Treatment resistance occurs in a variety of psychiatric disorders and presents an ongoing challenge as we attempt to optimize treatments for our patients. The manifestations and sources of treatment resistance are attracting increasing attention as research provides a growing understanding of the mechanisms of resistance and as newer treatments are explored. This Special Report on treatment resistance examines a variety of difficulties that arise in the treatment of different psychiatric disturbances, the sources of these difficulties, and the treatment solutions.
The role of genetic factors, acting through neurotransmitters and neuromodulators, is examined by Dr Francisco Moreno. While genetic factors are key in determining responsiveness to treatment, as well as adverse effects of antidepressant medications, their interaction with environmental factors complicates the picture and must always be kept in mind, since those factors can contribute to, maintain, or worsen existing mood disorders.
The article by Dr Richard Shelton focuses on results of the NIMH's STAR*D program, which showed that remission is difficult to achieve in patients with clinical depression despite multiple trials of antidepressants.
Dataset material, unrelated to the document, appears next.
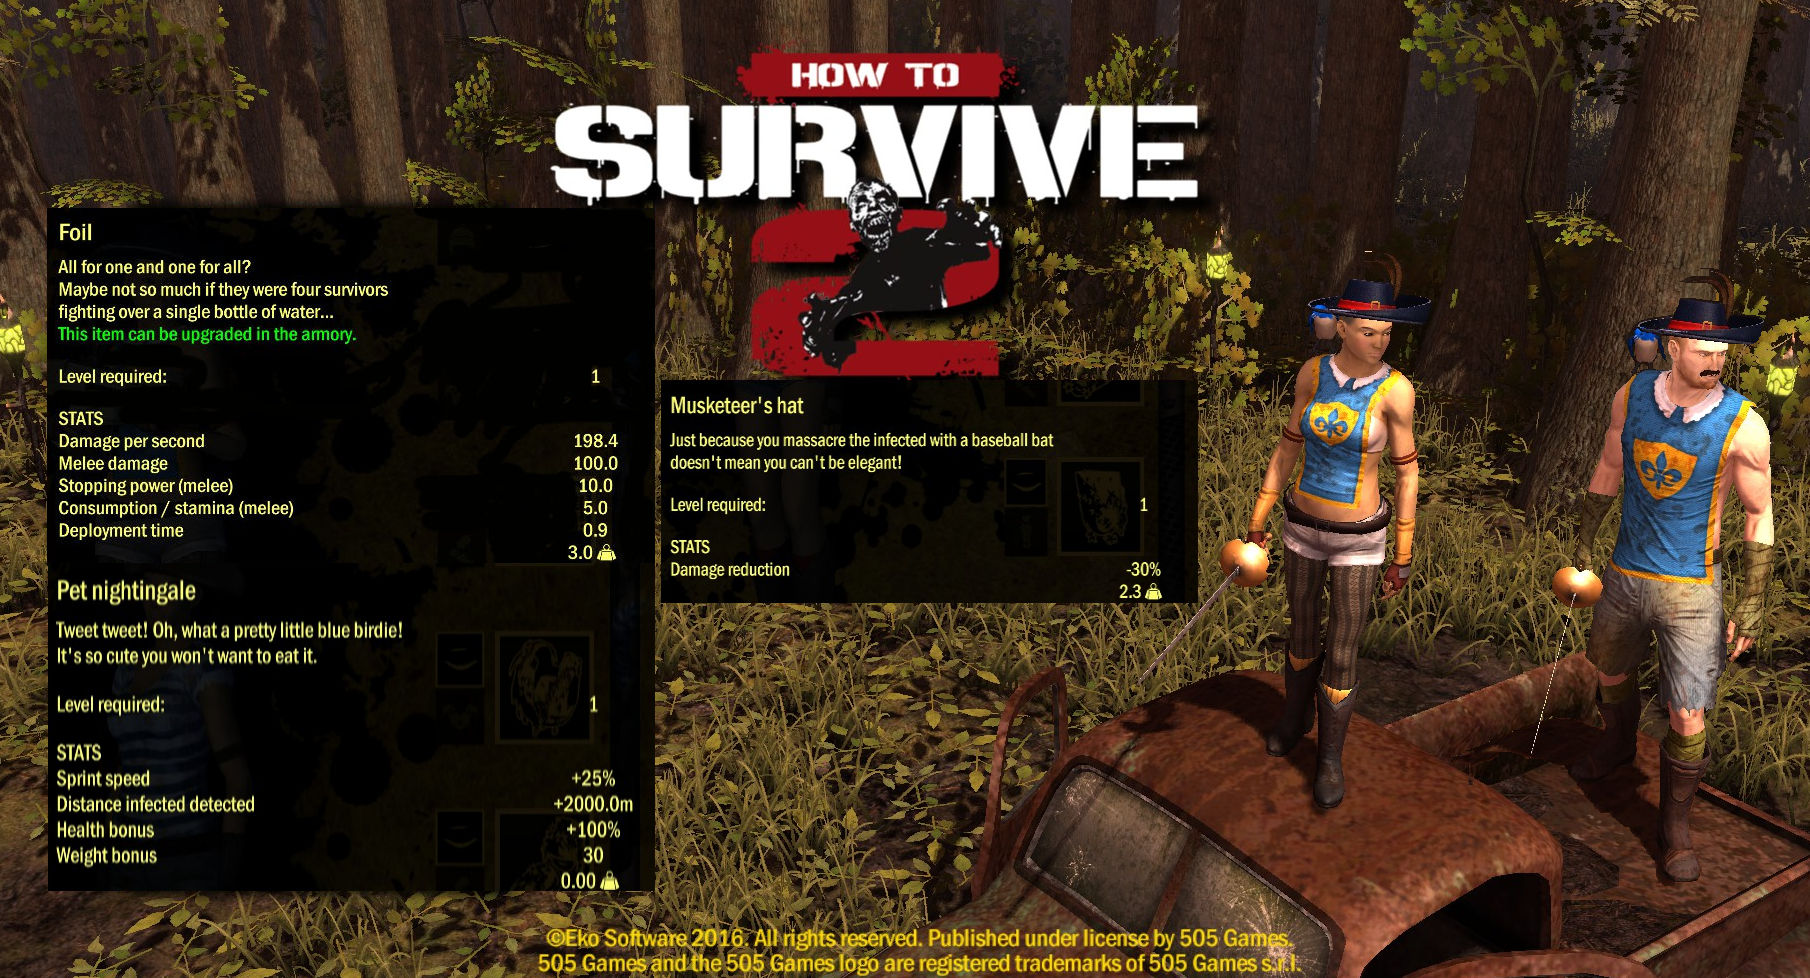 How To Survive 2 - Musketeer Skin Pack Featured Screenshot #1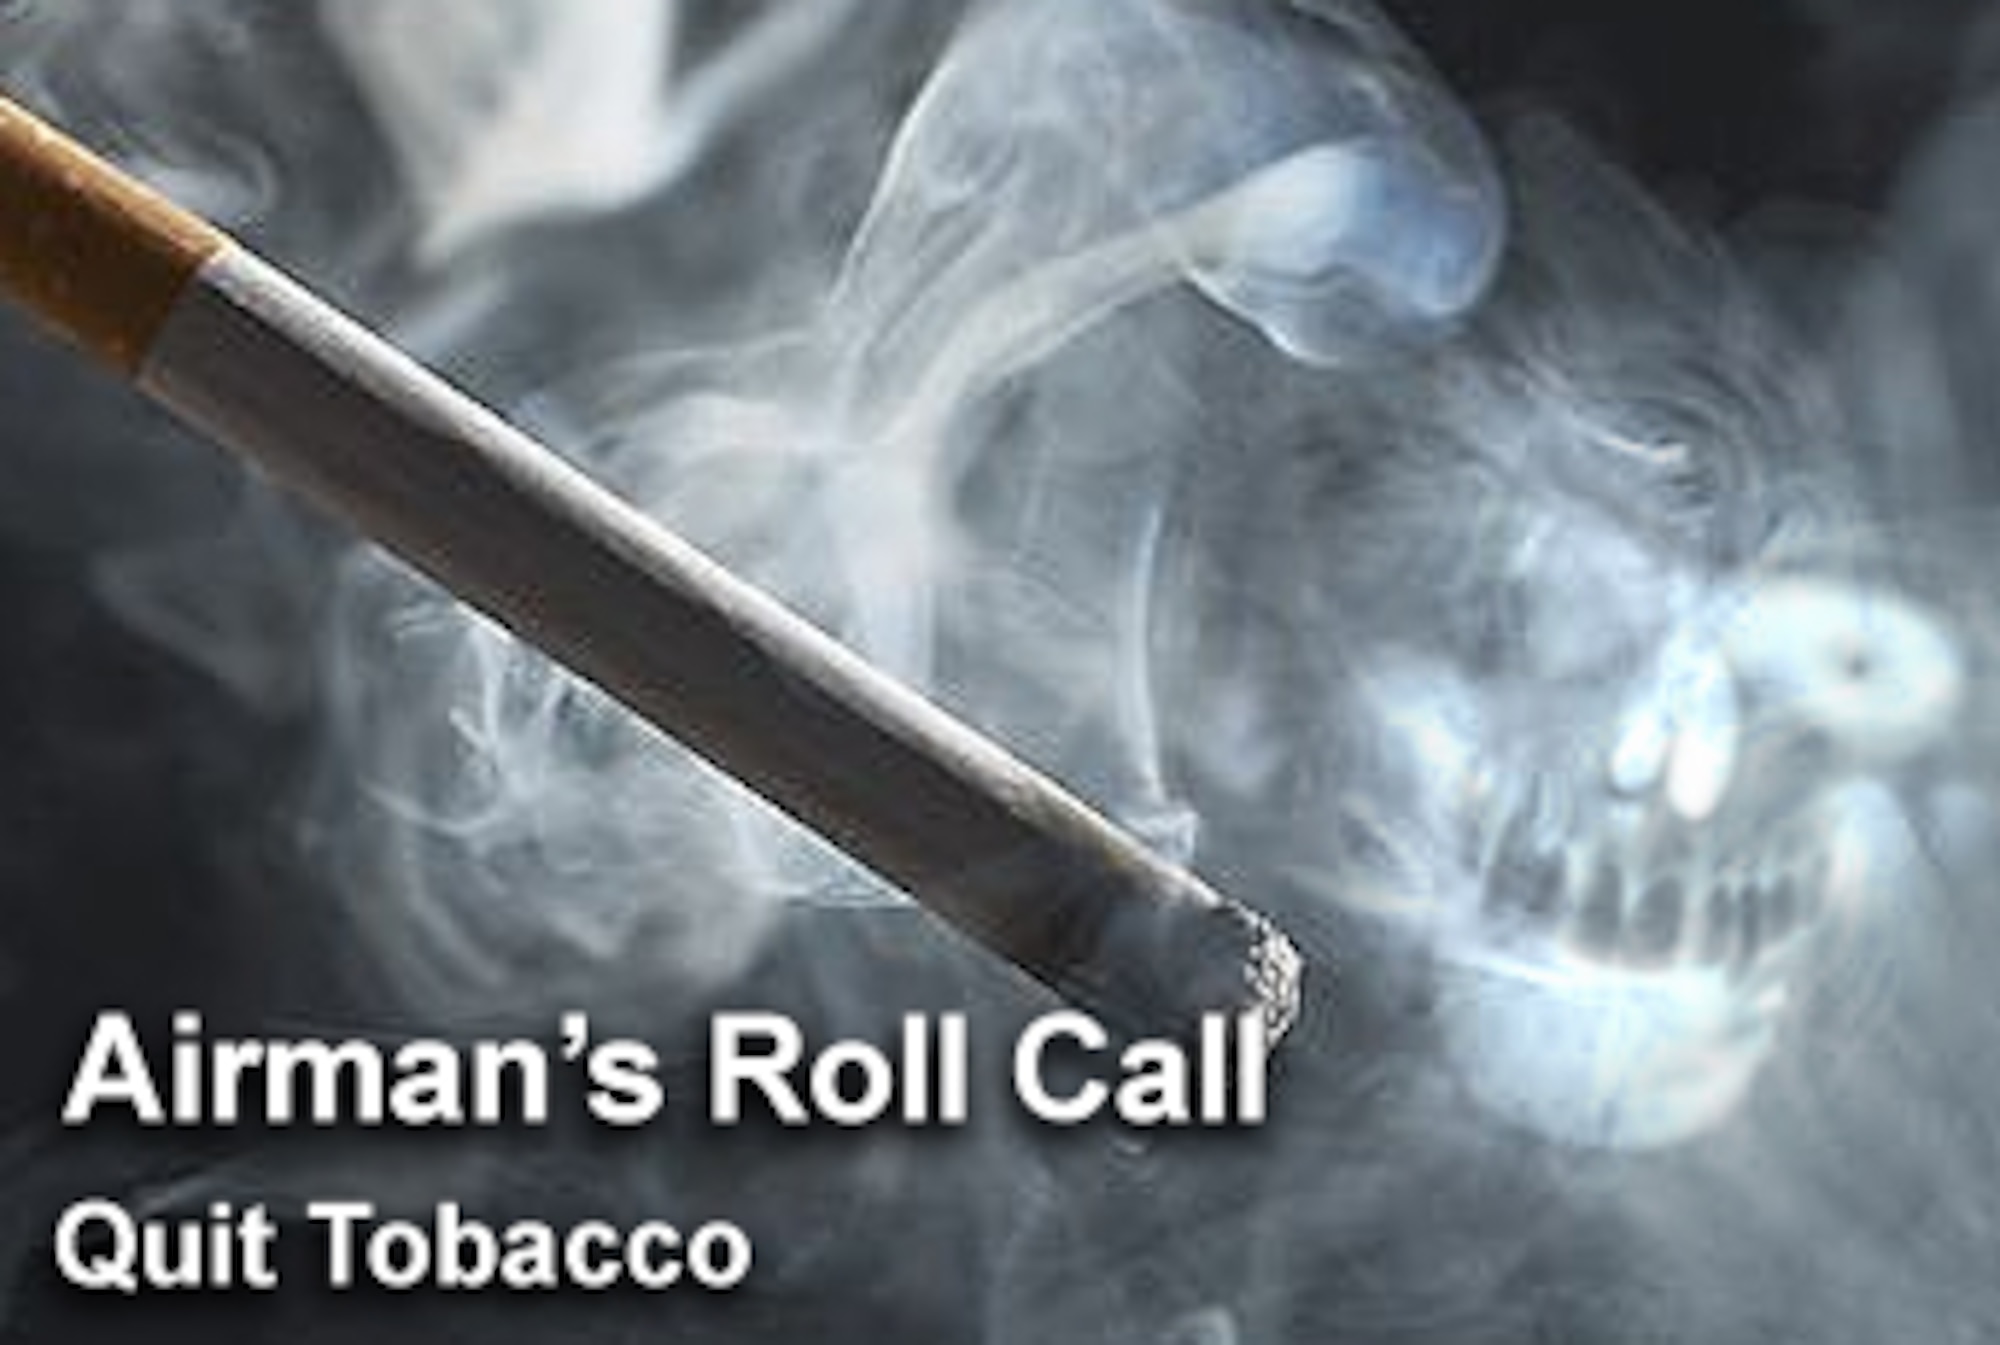 This week's Airman's Roll Call offers Airmen who smoke a new resource to help them quit tobacco.  (U.S. Air Force photo illustration/Luke Borland)

Pharmacokinetic differences may help explain treatment resistance in depression, including polymorphisms of various cytochrome P-450 enzymes that affect metabolism and subsequent drug levels. In addition, neuroanatomical connectivity issues can lead to a poor treatment response in those with resistant forms of depression.
Another factor that may influence psychotropic drug effects is P-glycoprotein (P-gp), which is produced by the multidrug-resistance gene ABCB1 (ABCB1 encodes for P-gp). Animal studies that manipulate the expression of such proteins or gene products provide some insight into the complex mechanisms of the genetic components of responsiveness to treatment.
Drs Vural Ozdemir and Béatrice Godard describe the difficulty of understanding the multitude of drug transporters in the brain with their variability and selectivity, as well as their expressions and connection to drug interaction phenomena. Their article also provides a fascinating introduction to preemptive or predictive medicine as it applies to psychiatry. Issues of interest include informed consent, disclosure of potential adverse effects and genetic information to patients, patient privacy and its relationship to insurance coverage, and the inadequacy of genetics training in psychiatry.
Finally, Dr Michael Poyurovsky's article on subtypes of obsessive-compulsive disorders (OCDs) includes consideration of tic-related OCD (eg, Tourette syndrome), schizotypal personality characteristics or schizophrenia, hoarding, and poor insight. The identification of this wide variety of phenotypic expressions can help predict treatment response and resistance, and the identification of psychiatric comorbidities can help establish the pharmacological treatment plan.
These excellent articles provide a helpful review of the issues to be considered in understanding and addressing treatment resistance in psychiatric disorders. I hope you enjoy and benefit from reading these articles as much as I did.